Orange, forest, etc.

Mark Mandel thnidu at GMAIL.COM
Tue Jan 1 03:39:32 UTC 2008


Hmm. I grew up in NYC suburbs and city, with parents who were both NYC-born.
For the recent discussion, I have /a/ in orange, corridor, and forest, /O/
in moral. Generally I have /a/ for "short o" not before /r/, including hog
and frog, with dog /dOg/ as the notable and possibly sole exception.

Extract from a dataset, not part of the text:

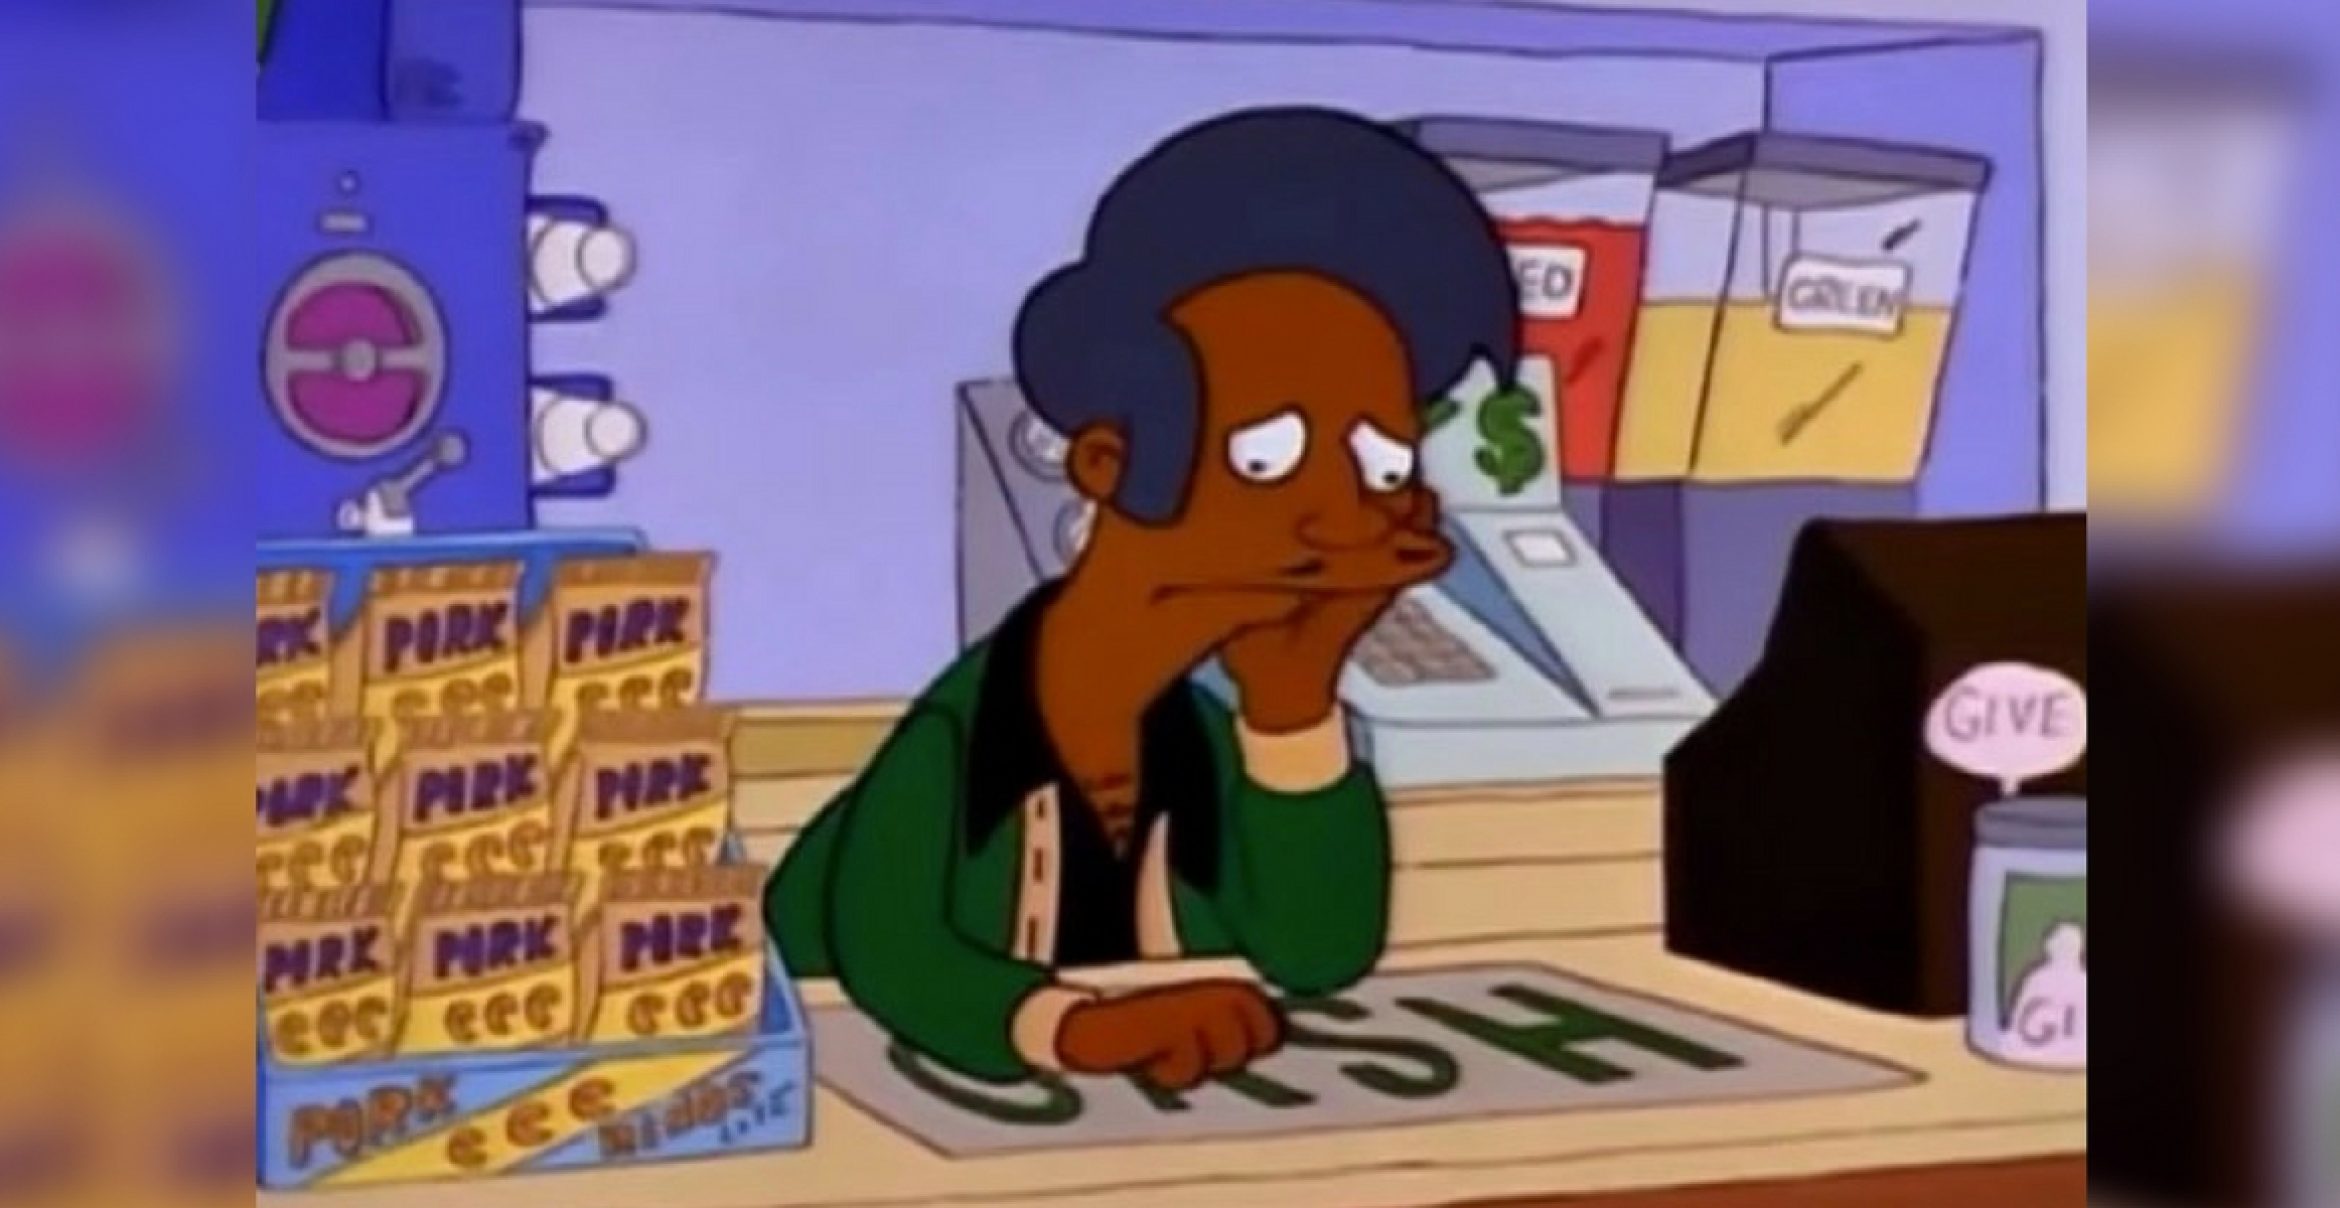 Wirbel um “The Simpsons“: Ist die Figur Apu ein rassistisches Stereotyp?

I may
partially round some of these in some speaking/performing styles, and in
making rhymes (I write some songs and poems) I'll often conflate /a/ and
/O/.

m a m

On Dec 31, 2007 10:44 AM, Laurence Horn <laurence.horn at yale.edu> wrote:

> At 10:33 AM -0500 12/31/07, Joel S. Berson wrote:
> >At 12/31/2007 10:09 AM, Laurence Horn wrote:
> >As I mentioned earlier in the thread, /a/ is
> >>native in these for me (NYC until 1957, Long
> >>Island 1957-61), but I consciously switched
> >>(inconsistently) to open-o when I went to college
> >>in Rochester and got ridiculed for my
> >>pronunciation of "moral", "orange", and
> >>especially "corridor".  ...
> >
> >Thanks for mentioning "moral", which I vacillate on.  I would never
> >use the "dog" vowel for "orange", "forest", and "corridor", and
> >couldn't imagine a New-Yorker doing so.
> >
> >Joel
> >
> I know, I feel like a turncoat.  What can I say.  I promise to hold
> the line on hogs, frogs, and their buddies, though.